Comparative eco-toxicity of nanoscale TiO2, SiO2, and ZnO water suspensions
Introduction
Titanium dioxide (TiO2), silicon dioxide (SiO2), and zinc oxide (ZnO) are common additives with a variety of applications. TiO2 is a good opacifier and is used as a pigment in paints, paper, inks, and plastics. Crystalline SiO2 is employed in electronics manufacturing as both semiconductor and electrical insulator. The ceramic nature of ZnO permits its function as both pigment and semiconductor. Nanoscale TiO2, SiO2, and ZnO offer greater surface area than their bulk counterparts, allowing for improved performance in established applications.
Accompanying the well-established use of TiO2, SiO2, and ZnO, research has been conducted on their potential toxicity (Rincon and Pulgarin, 2004; Lonnen et al., 2005). A wealth of information exists on the toxicity of TiO2 towards bacteria (e.g. Wei et al., 1994; Block et al., 1997; Kwak et al., 2001). TiO2 is reputed to be toxic to both Gram-negative and Gram-positive bacteria. In a mixed culture experiment, an unidentified Gram-positive Bacillus subtilis was less sensitive than a pure culture of Gram-negative Escherichia coli to the effects of TiO2, possibly due to the ability of B. subtilis to form spores (Rincon and Pulgarin, 2005). However, other studies have found Gram-positive bacteria to be more sensitive than Gram-negative bacteria to the antibacterial effects of TiO2 (Fu et al., 2005). The antibacterial properties of TiO2 have been exploited in water treatment reactors. A concentration of TiO2 ranging from 100 to 1000 ppm has been reported to completely disinfect water containing 105–106 E. coli cells per ml in 30 min under illuminated conditions (Wei et al., 1994; Maness et al., 1999).
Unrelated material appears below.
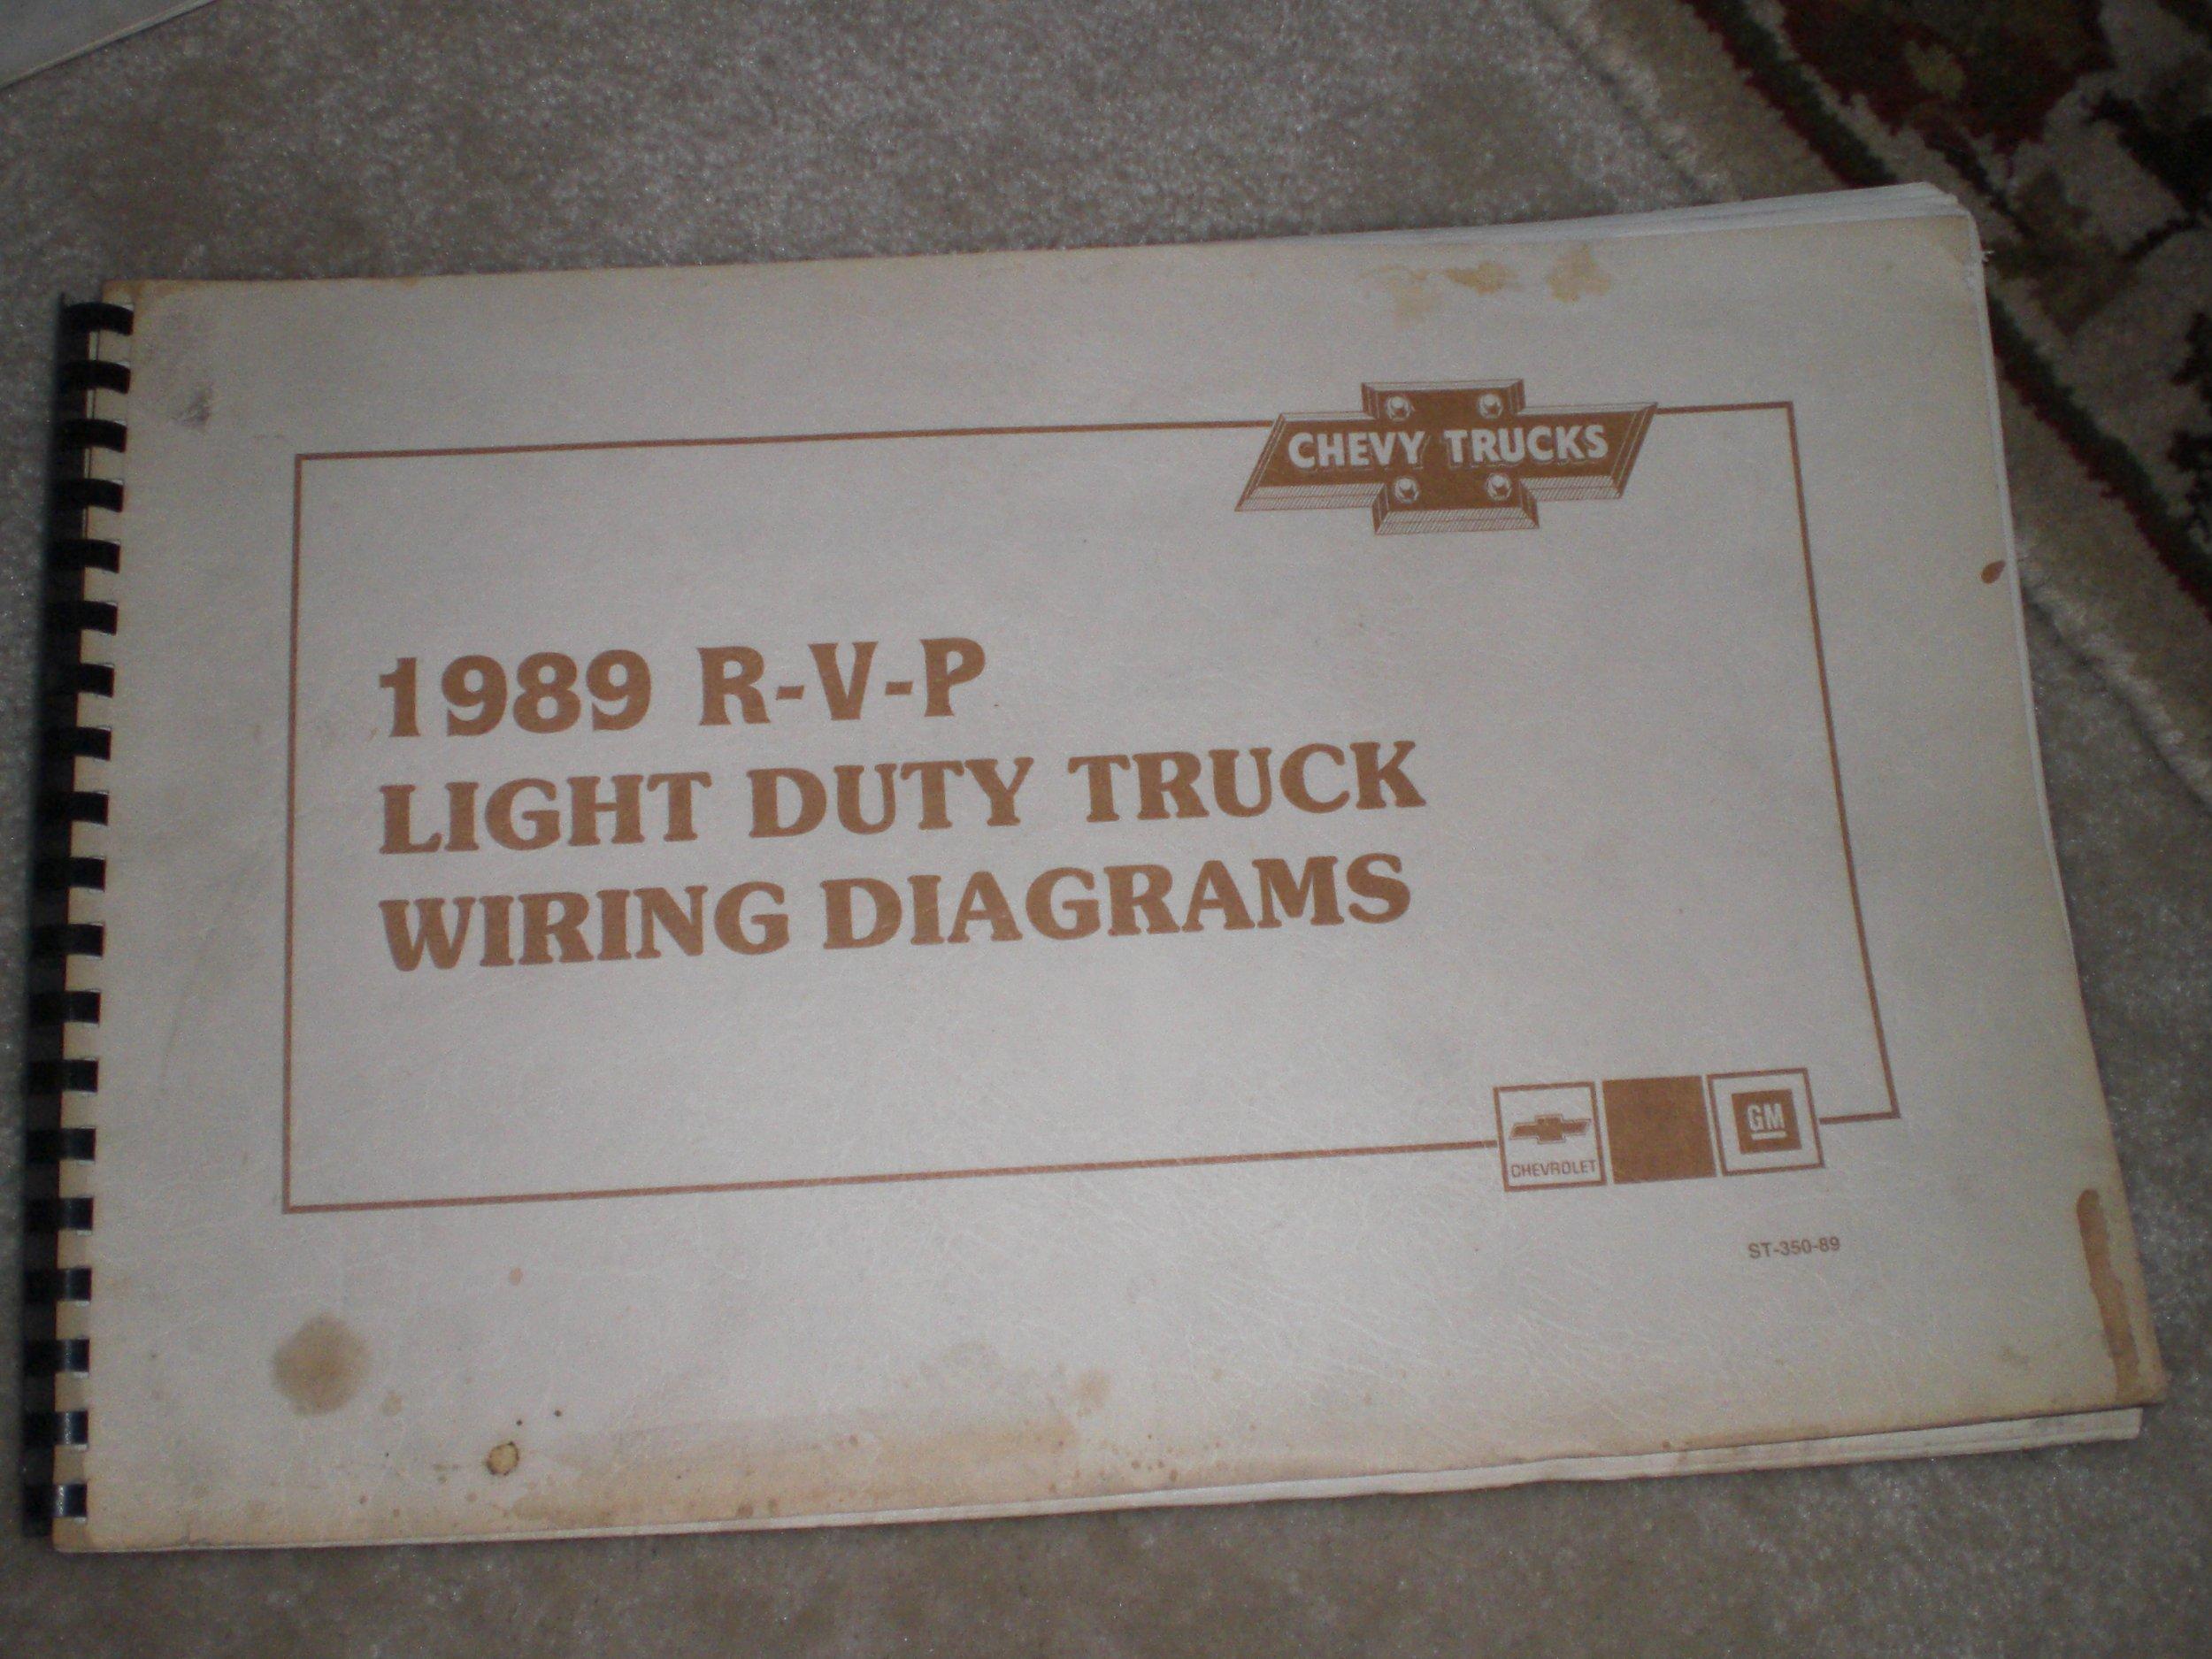 1989 ford r v p light duty truck wiring diagrams general motors co rh amazon com Outdoor Lighting Wiring Diagram Outdoor Lighting Wiring Diagram

Fewer studies have been initiated on the antibacterial activities of either SiO2 or ZnO. Bulk SiO2 has been used as a control particle in several studies due to its postulated lack of toxicity towards bacteria (e.g. Liang et al., 2004). ZnO has been reported to exhibit antibacterial activity with Gram-positive B. subtilis being more sensitive to its effects than the Gram-negative E. coli (Sawai et al., 1995). The minimal inhibitory concentrations ranged from 2000 to 12,500 ppm for B. subtilis and 50,000 to 100,000 ppm for E. coli depending on particle size (Sawai et al., 1996). While these data suggest that ZnO is much less toxic to E. coli than TiO2, it is not possible to directly compare these studies due to differences in experimental design (e.g., particle size, concentration of bacteria, application of light).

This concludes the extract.